Неужели этот чудак верит в освобождение миллионов соотечественников?

Телекомментарии о предстоящем суде сопровождались кадрами моего репортажа о Большом Джоне, ранившими Эдди портретами матери, сенсационными фотографиями репортеров. Можно лишь представить, как был взбешен Эдди, как поддержал его горячий приятель-француз.

«Заткнем им глотки! Сделаем — мертвыми! Запустим каяться в преисподнюю!..»

По тысячам телеканалов Америки, других стран идет круглосуточно этот вопль!

Не на кровожадность, не на инстинкт современного дикаря работал я всю сознательную жизнь! А получилось так, что шел в общем русле… Получилось, что, прежде чем потерять весь остальной мир, я потерял своих близких.

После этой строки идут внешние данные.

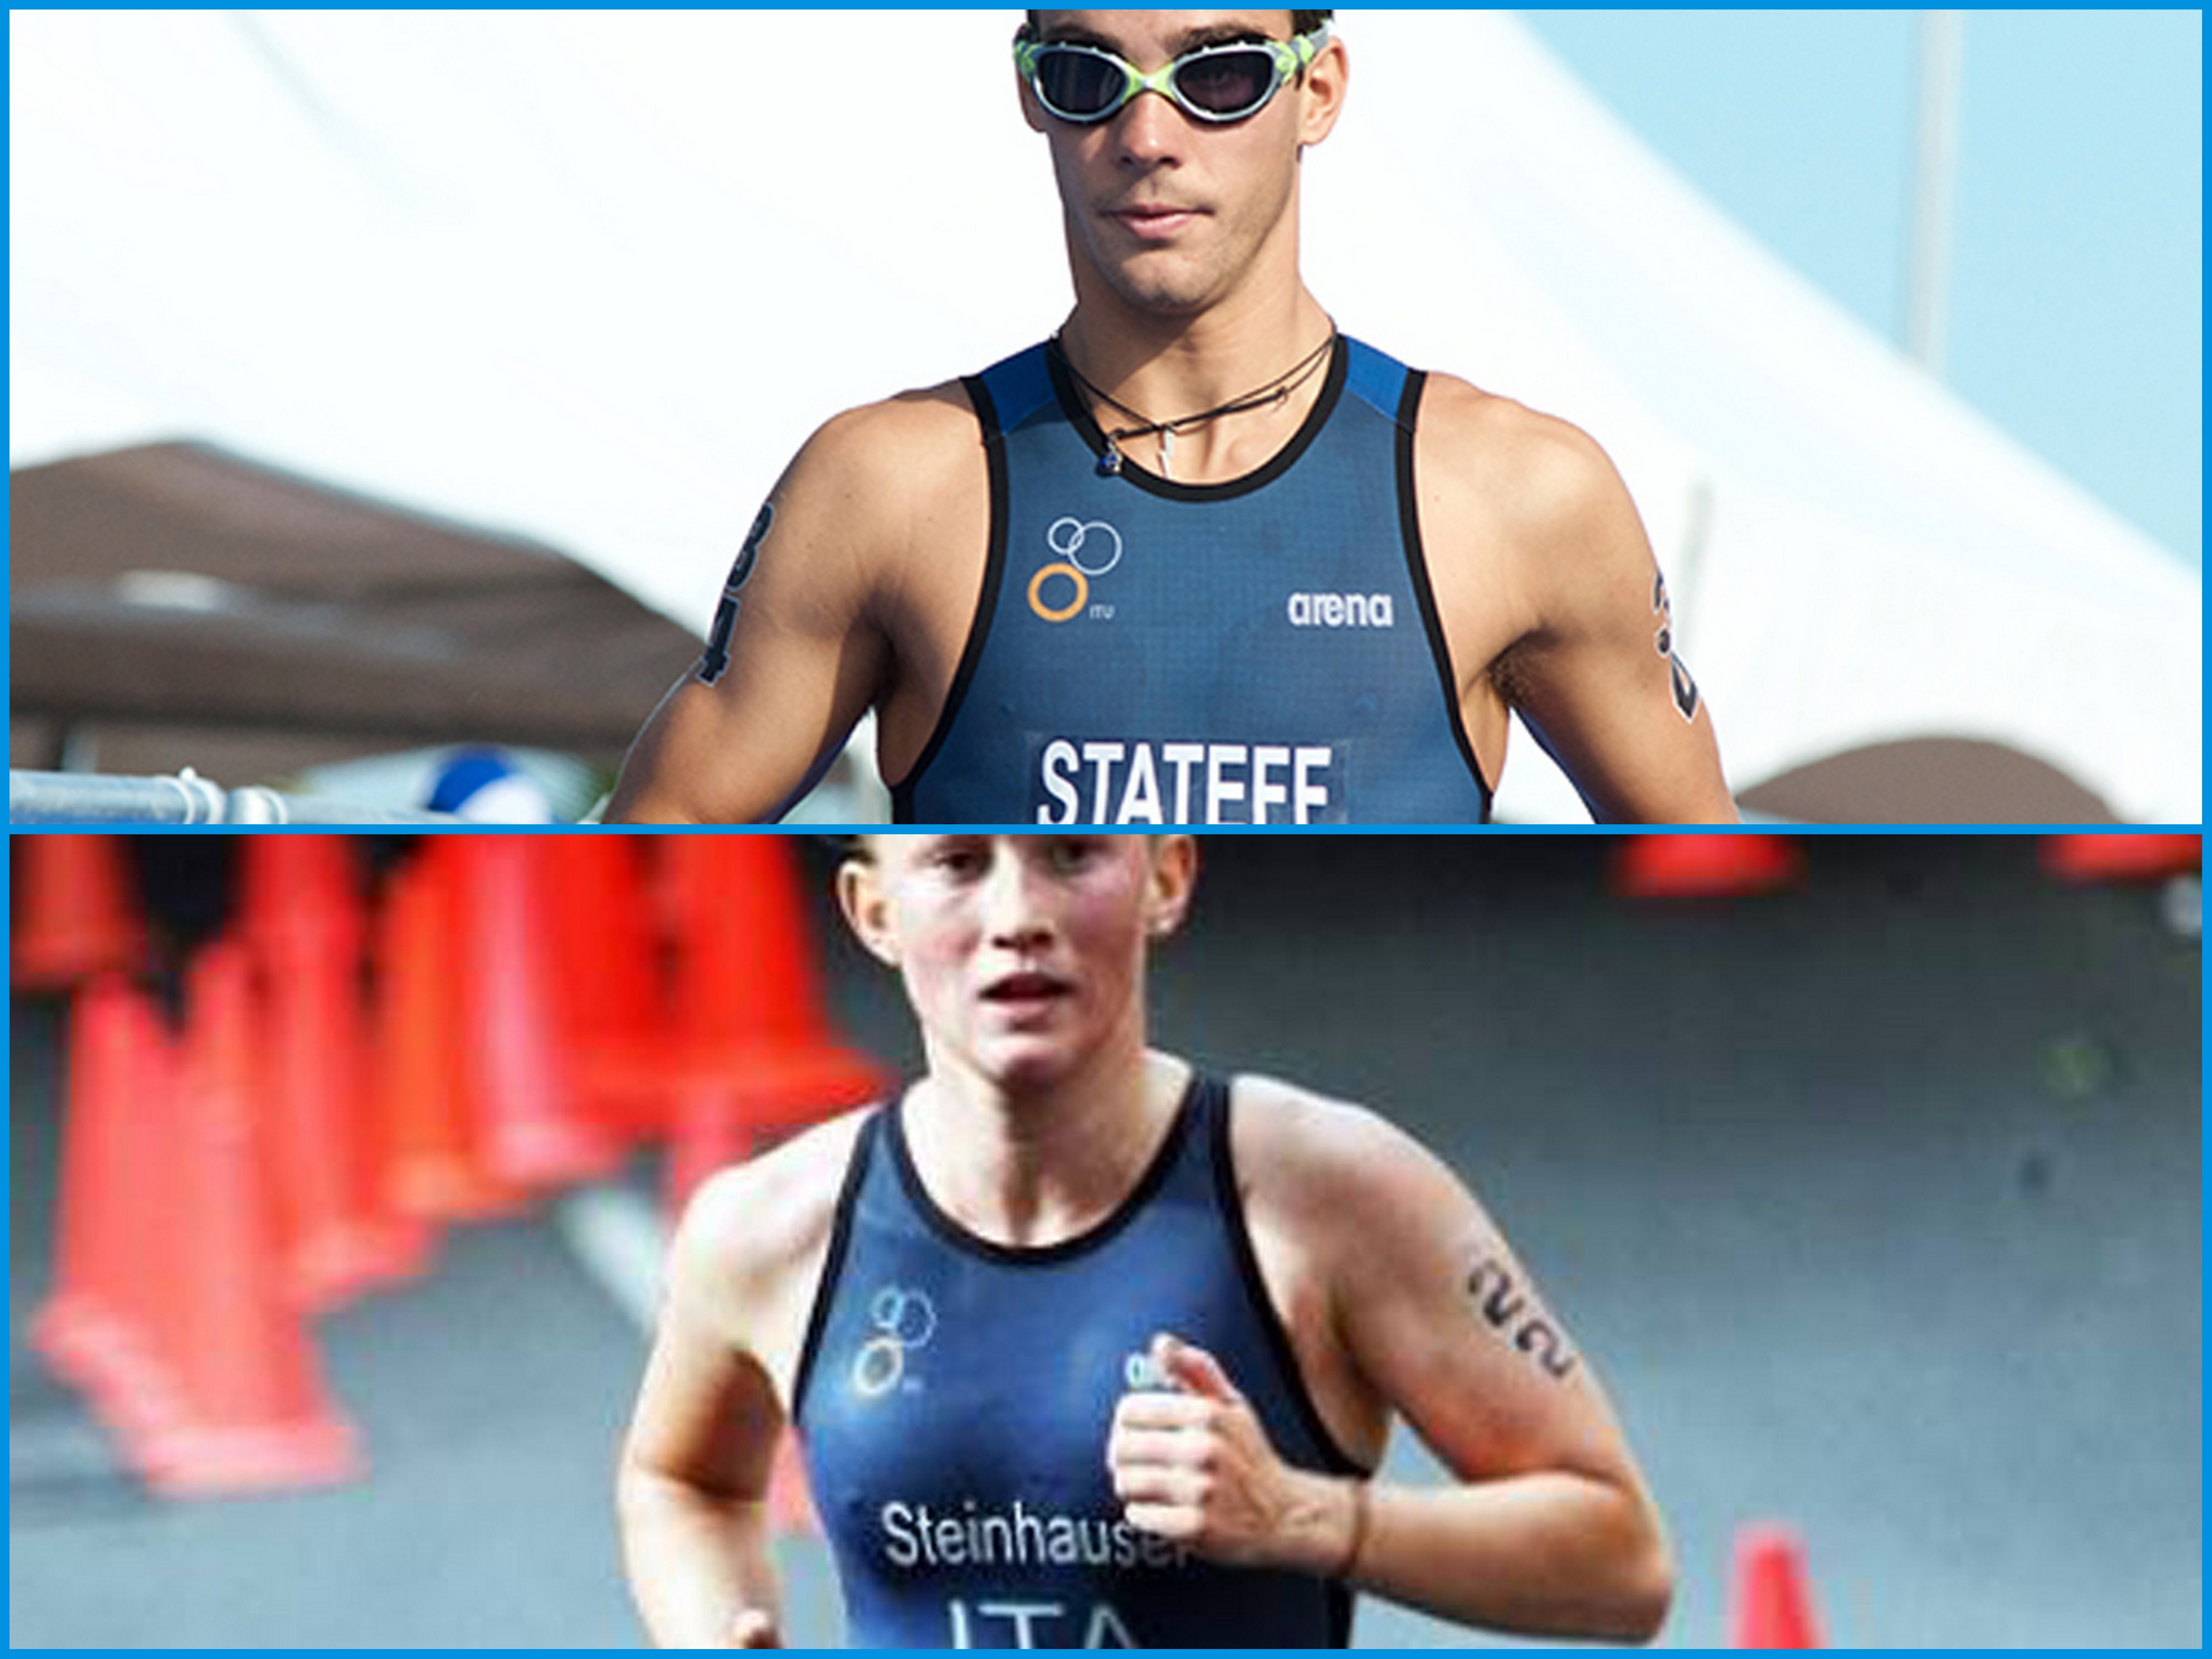 triathlon coppa del mondo 2017 miyazaki verena steinhauser e delian stateff italia nazionale

«Берегись, черномазые!» — кричал Эдди, выезжая из-за угла.

В чем была моя главная в жизни ошибка? Почему я, стараясь уберечь от этого мира сына и жену, подвел их под роковую черту? Чем я лучше тех, которые орали и орут на весь мир: «Убей его»?

Эдди припарковал машину на узкой улочке в метрах пятистах или шестистах от здания суда. Он вкатил в своей коляске на место шофера, привязался ремнями и терпеливо ждал час или полтора.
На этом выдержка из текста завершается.